For any picture in the lines below, please leave it out and copy the rest exactly.

DATA BELOW:
_ _ _ _ _

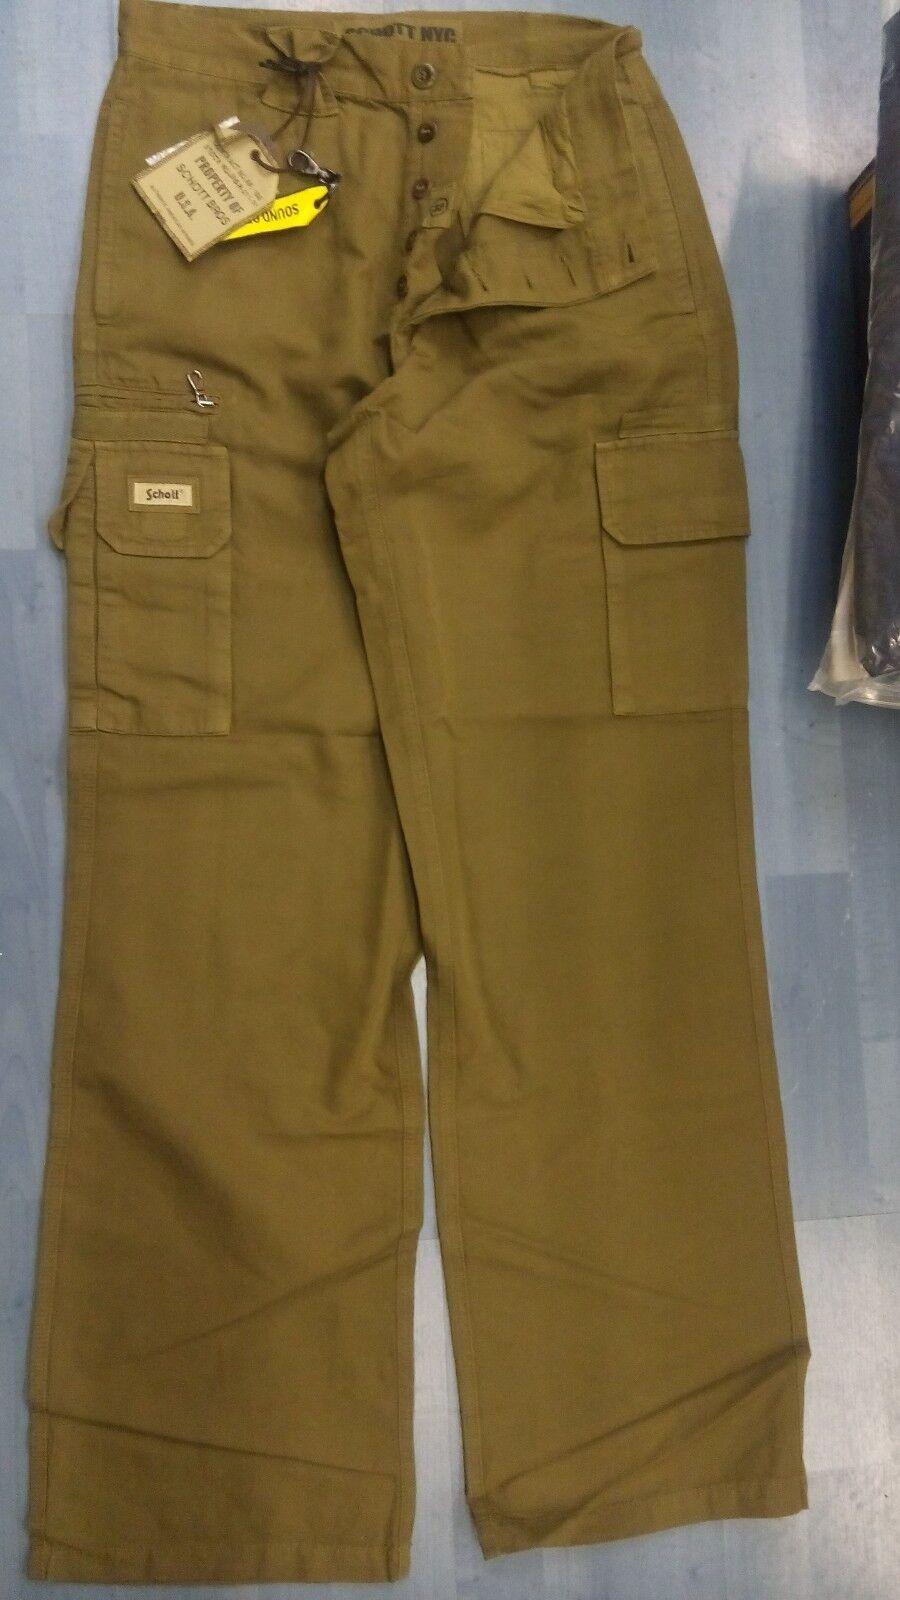 Pantalone 36 SCHOTT tasconi cotone tg disp. 32 33 34 36 Pantalone ba9270
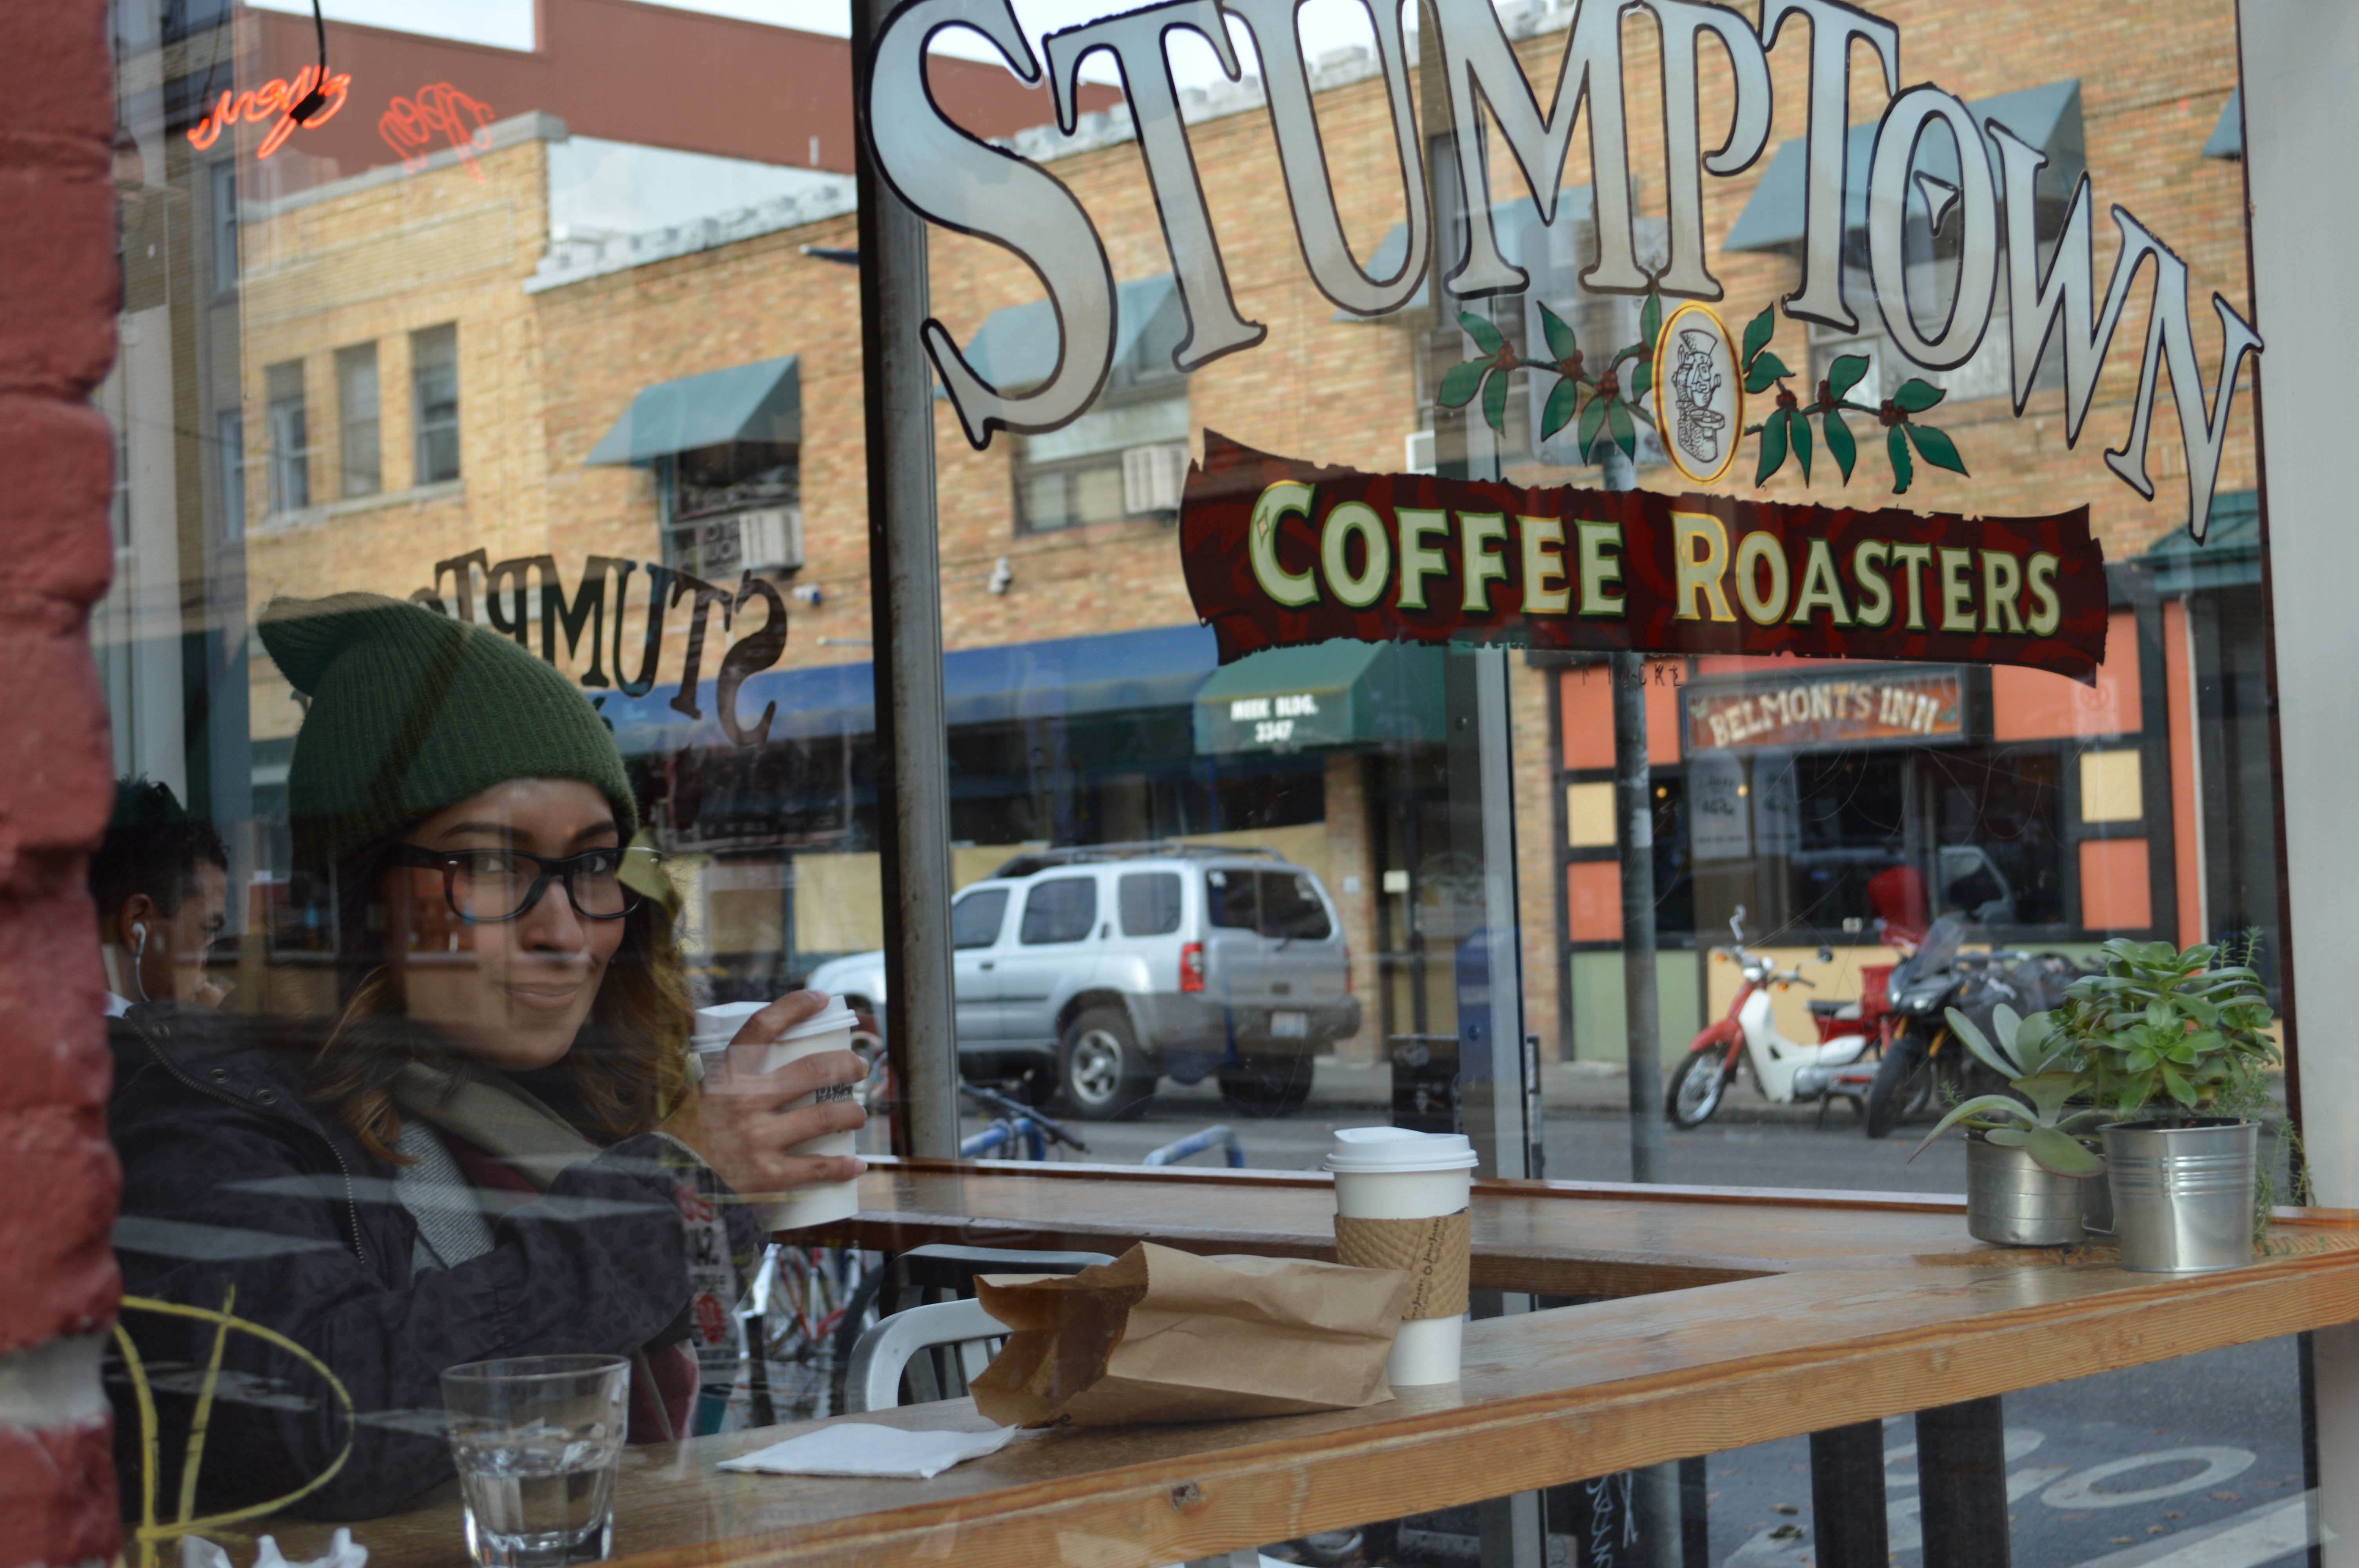 Stumptown coffee roasters on belmont for some warm yummy
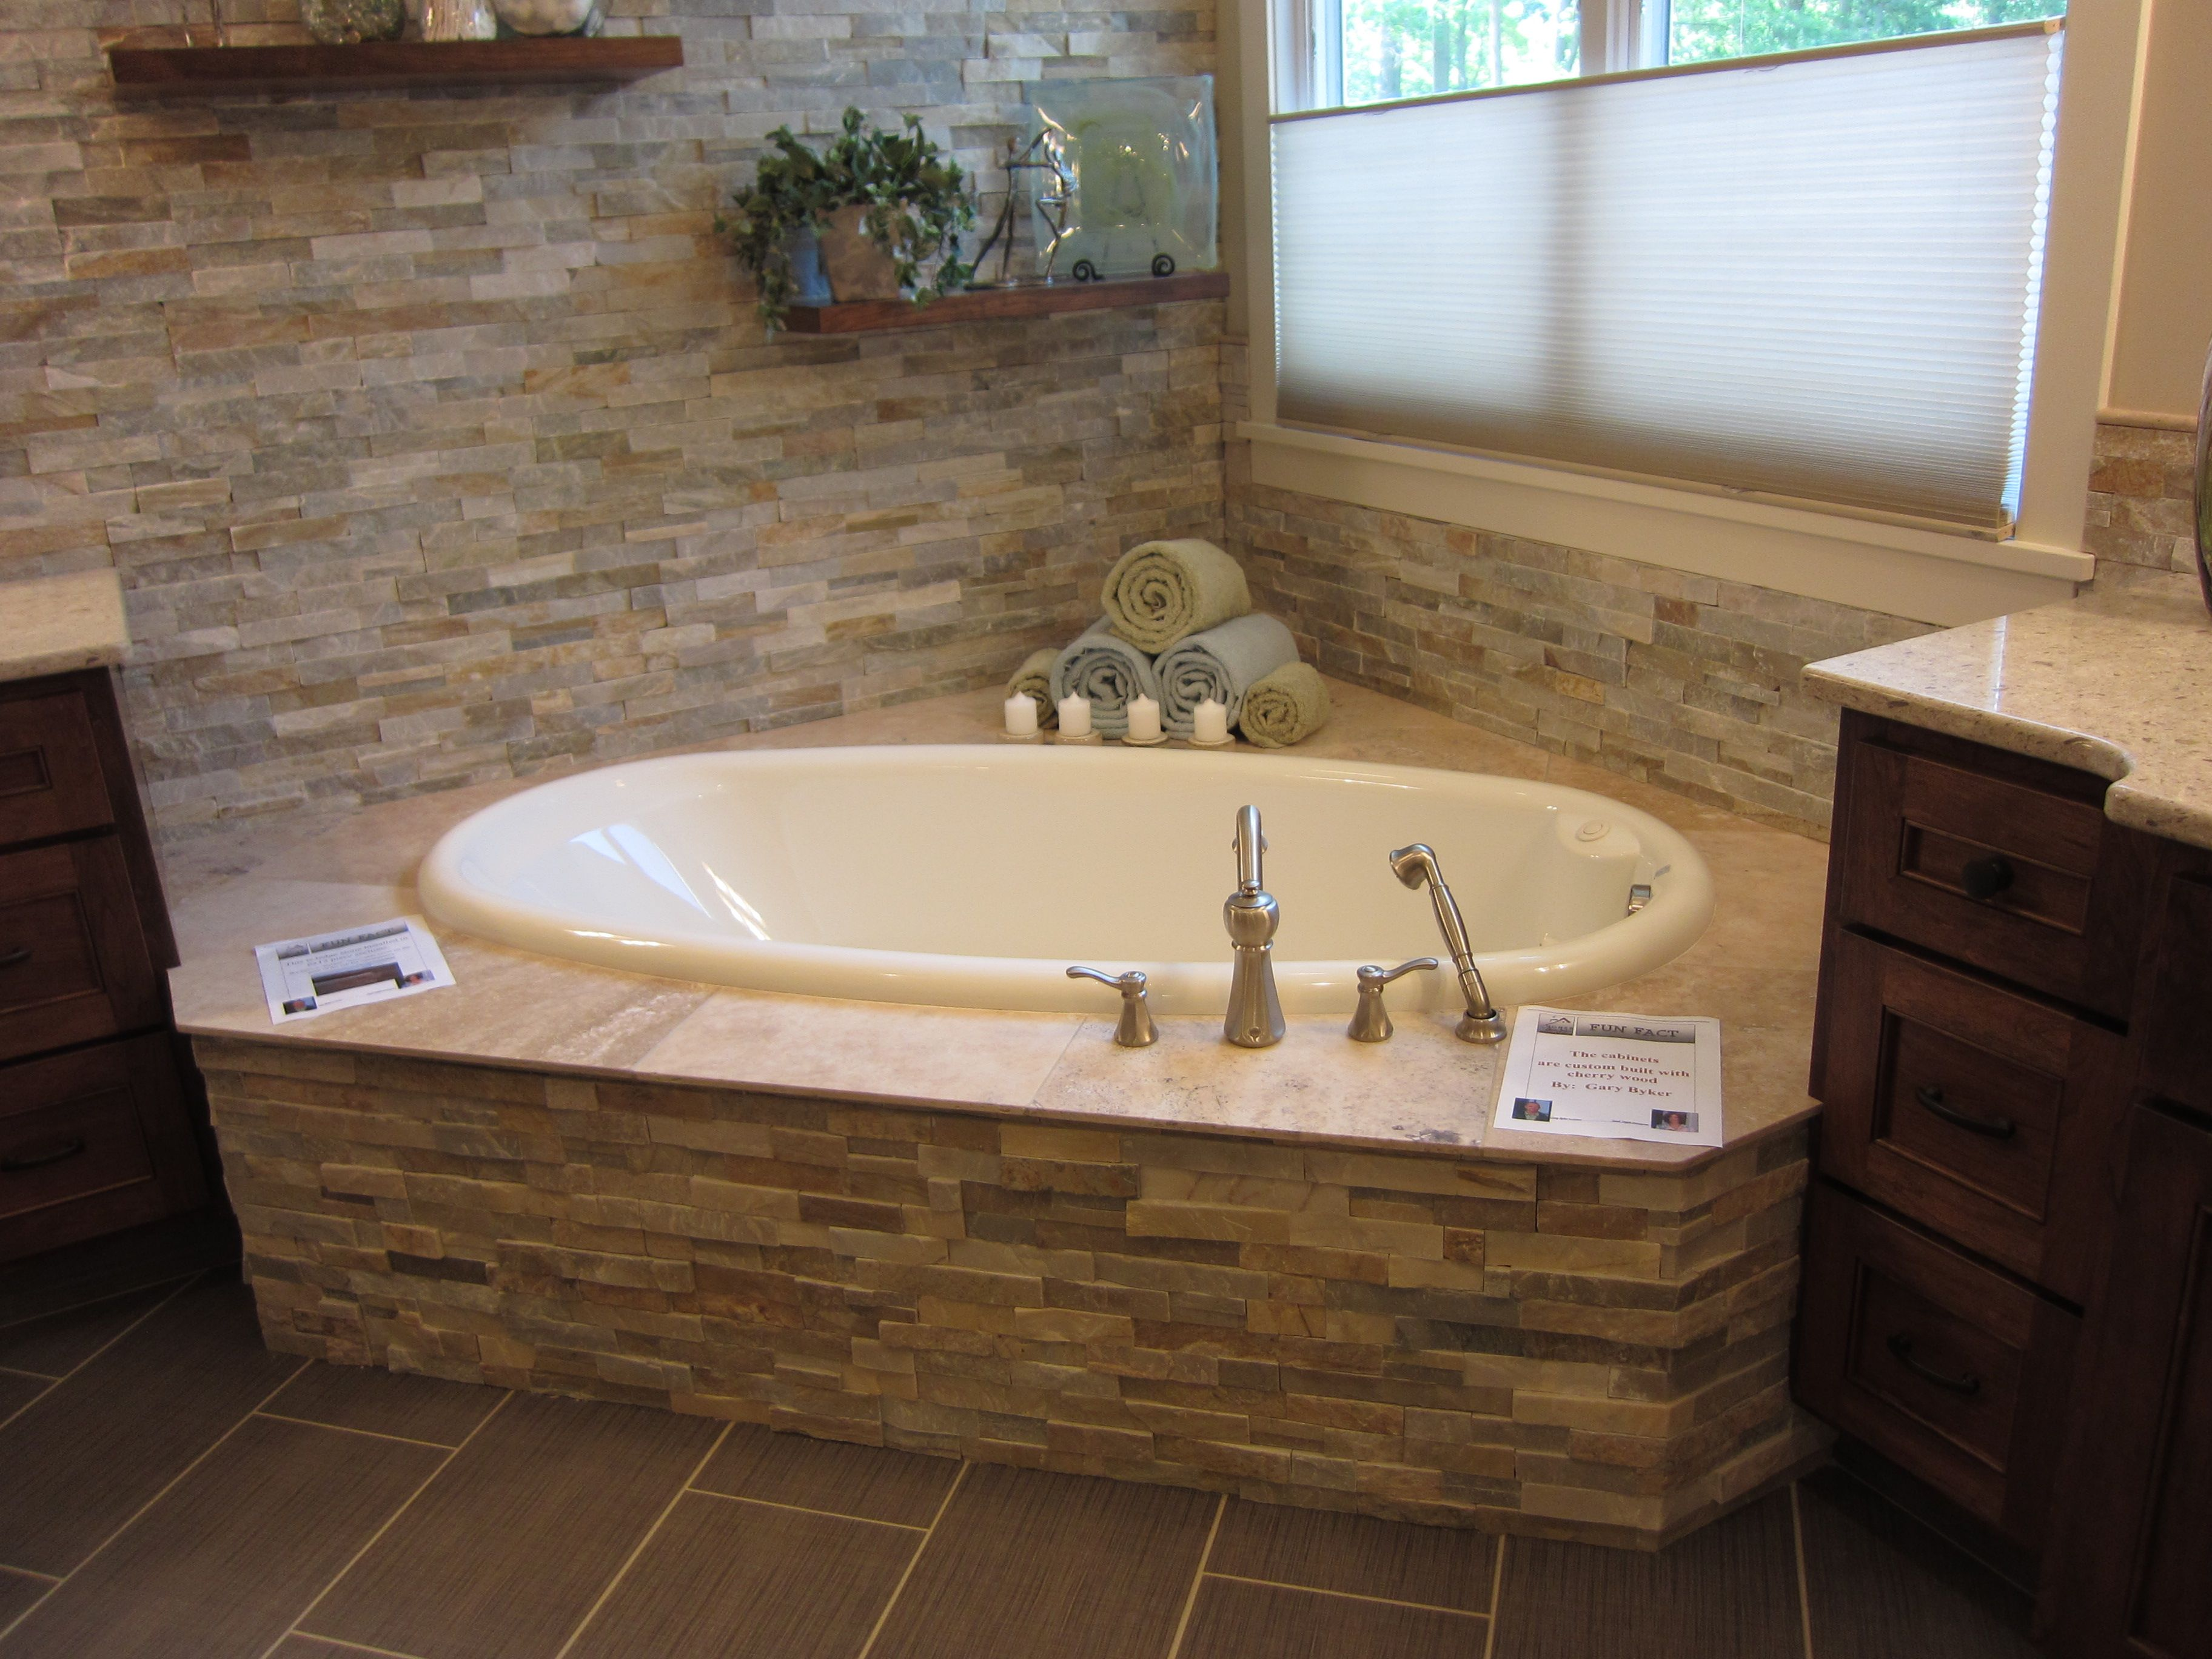 Same Stone With Whirlpool Tub Whirlpool Tub Corner Soaking Tub Jacuzzi Bathtub

_ _ _ _ _

ANSWER FOR THE TASK:
 Pantalone 36 SCHOTT tasconi cotone tg disp. 32 33 34 36 Pantalone ba9270
 Stumptown coffee roasters on belmont for some warm yummy
 Same Stone With Whirlpool Tub Whirlpool Tub Corner Soaking Tub Jacuzzi Bathtub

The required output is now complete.